An external-shock origin of the E_p-E_gamma relation for Gamma-Ray Bursts

TL;DR

This paper explores how the observed E_p-E_gamma relation in long-duration gamma-ray bursts can be explained by external shocks interacting with a medium that has a specific radial density profile, suggesting a universal stratification.

Contribution

It demonstrates that the E_p-E_gamma relation can be derived from external shock models with a universal radial density profile of the ambient medium around GRBs.

Findings

The E_p-E_gamma relation can be explained by external shocks with a specific ambient medium density profile.

The circumburst medium must have a non-standard radial density distribution, different from R^{-2}.

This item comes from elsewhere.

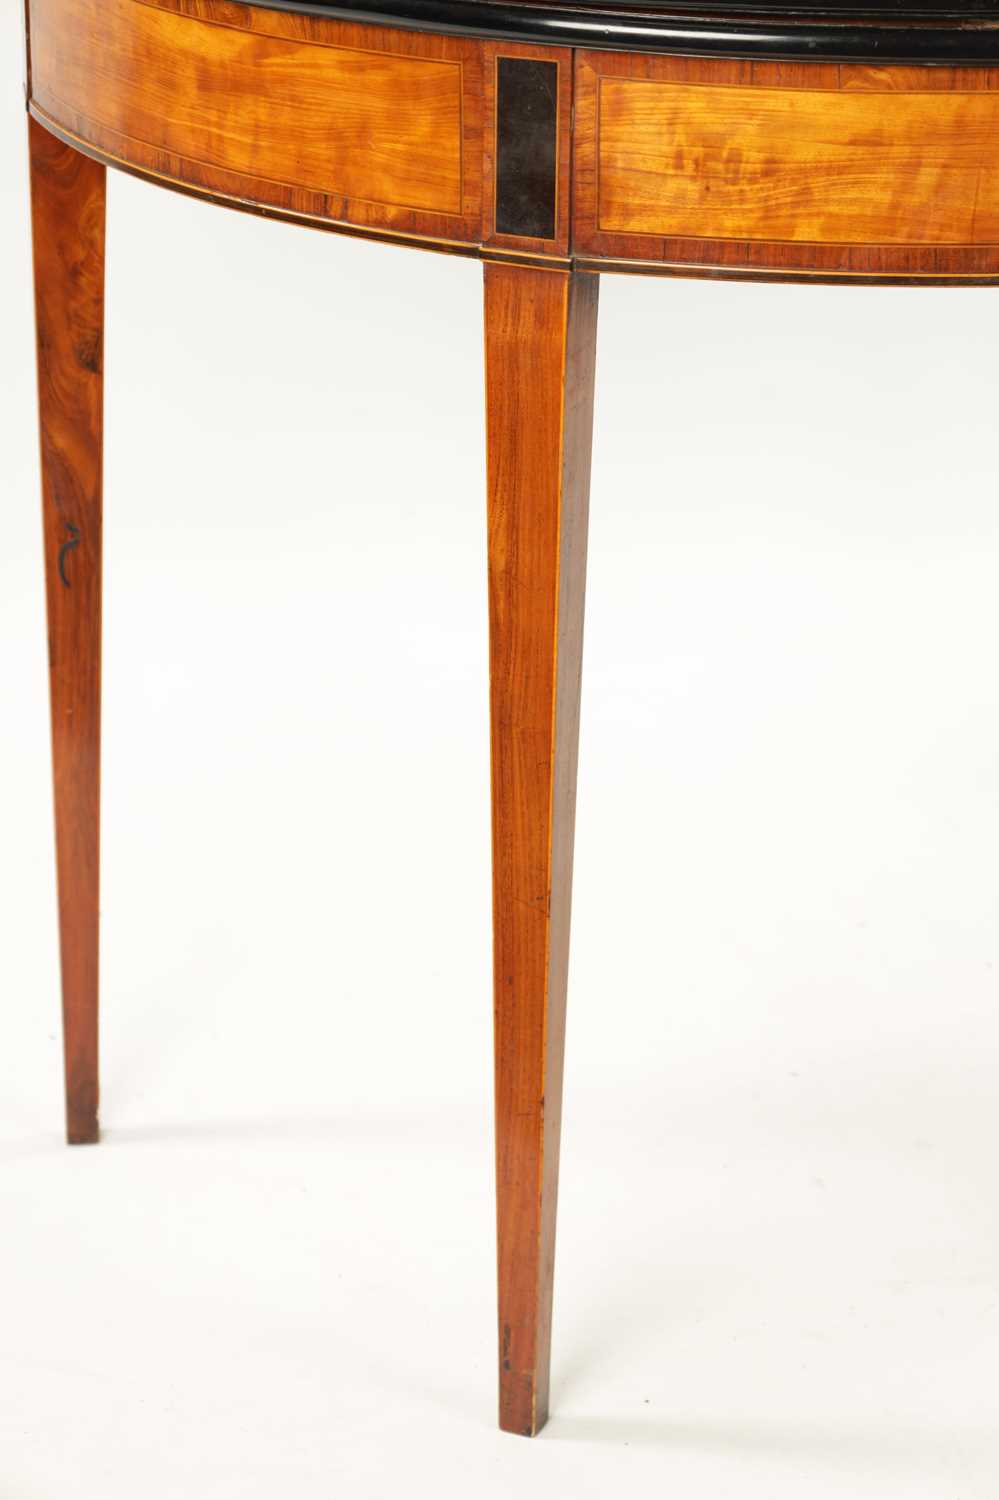 A GEORGE III SATINWOOD AND INLAID EBONISED DEMI LUNE FOLD OVER CARD TABLE - Image 5 of 10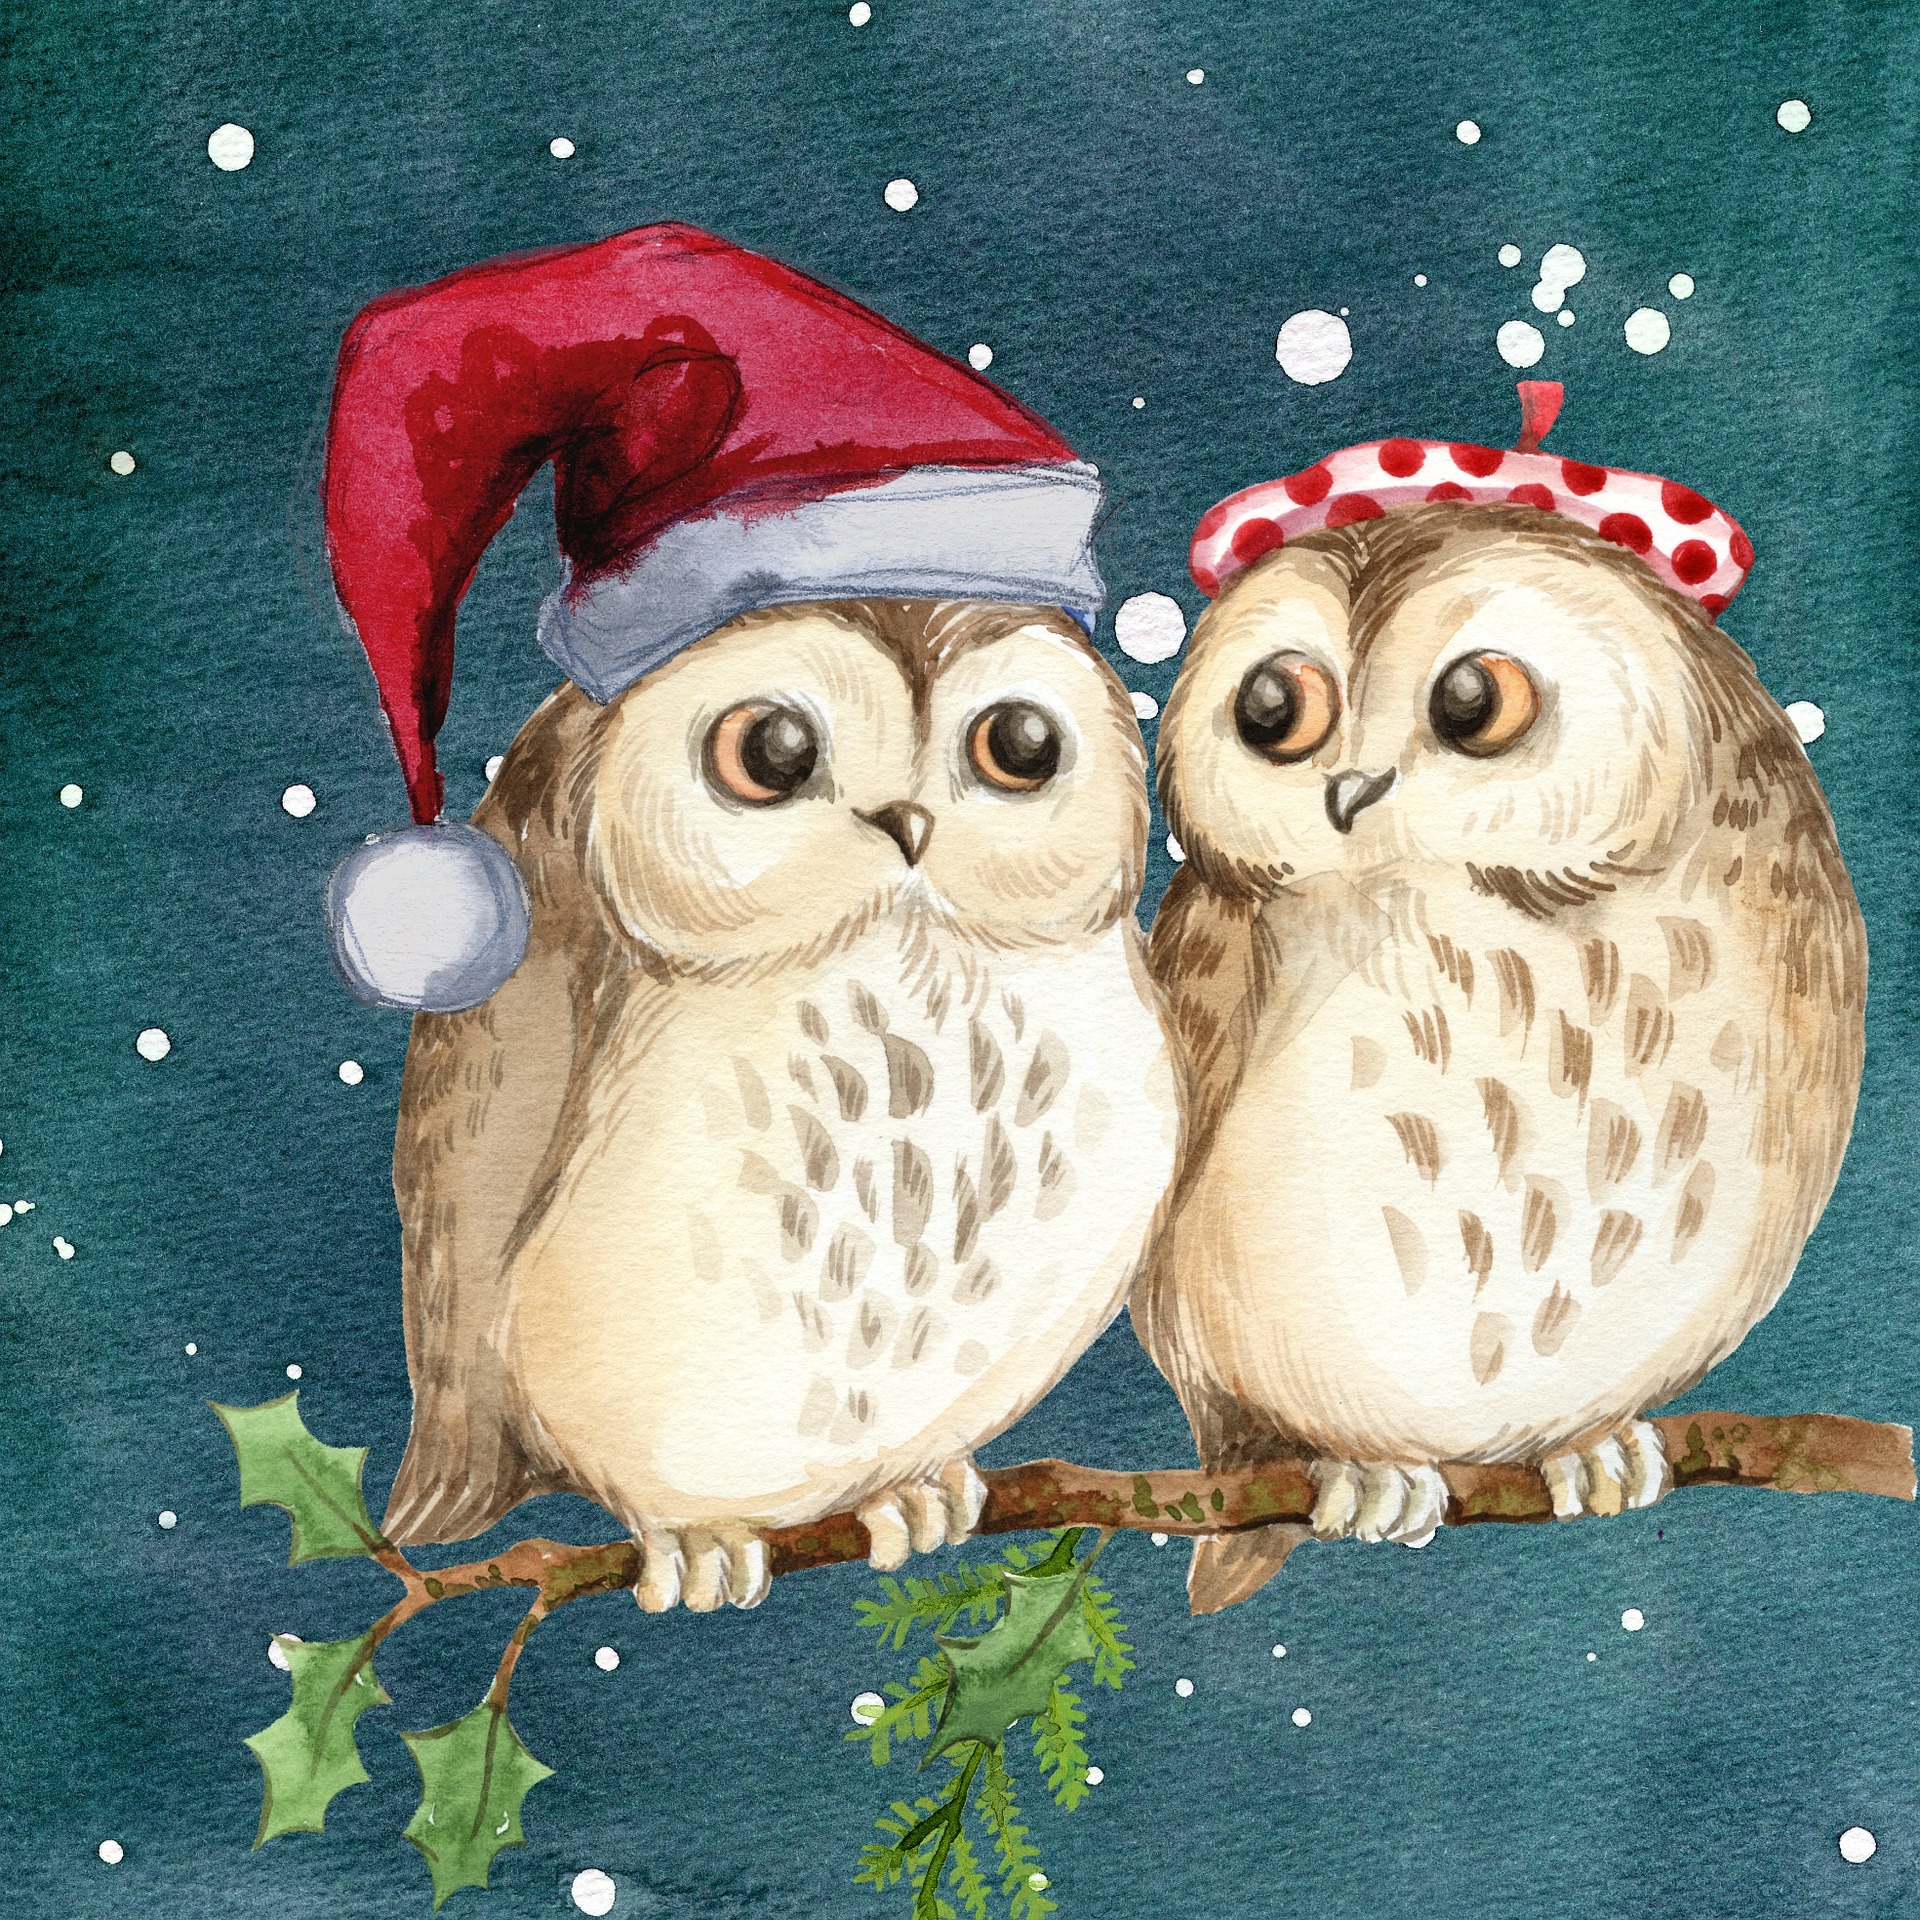 Two cute owls in Christmas attire

The relation holds across different radiative and dissipation mechanisms.

Abstract

We investigate the possibility that the E_p propto E_gamma^{1/2} relation between the peak energy E_p of the nuF_nu spectrum and energy output E_gamma for long-duration GRBs arises from the external shock produced by the interaction of a relativistic outflow with the ambient medium. To that aim, we take into account the dependence of all parameters which determine E_p and E_gamma on the radial distribution of the ambient medium density and find that the E_p-E_gamma relation can be explained if the medium around GRBs has a universal radial stratification. For various combinations of GRB radiative process (synchrotron or inverse-Compton) and dissipation mechanism (reverse or forward shock), we find that the circumburst medium must have a particle density with a radial distribution different than the R^{-2} expected for constant mass-loss rate and terminal speed.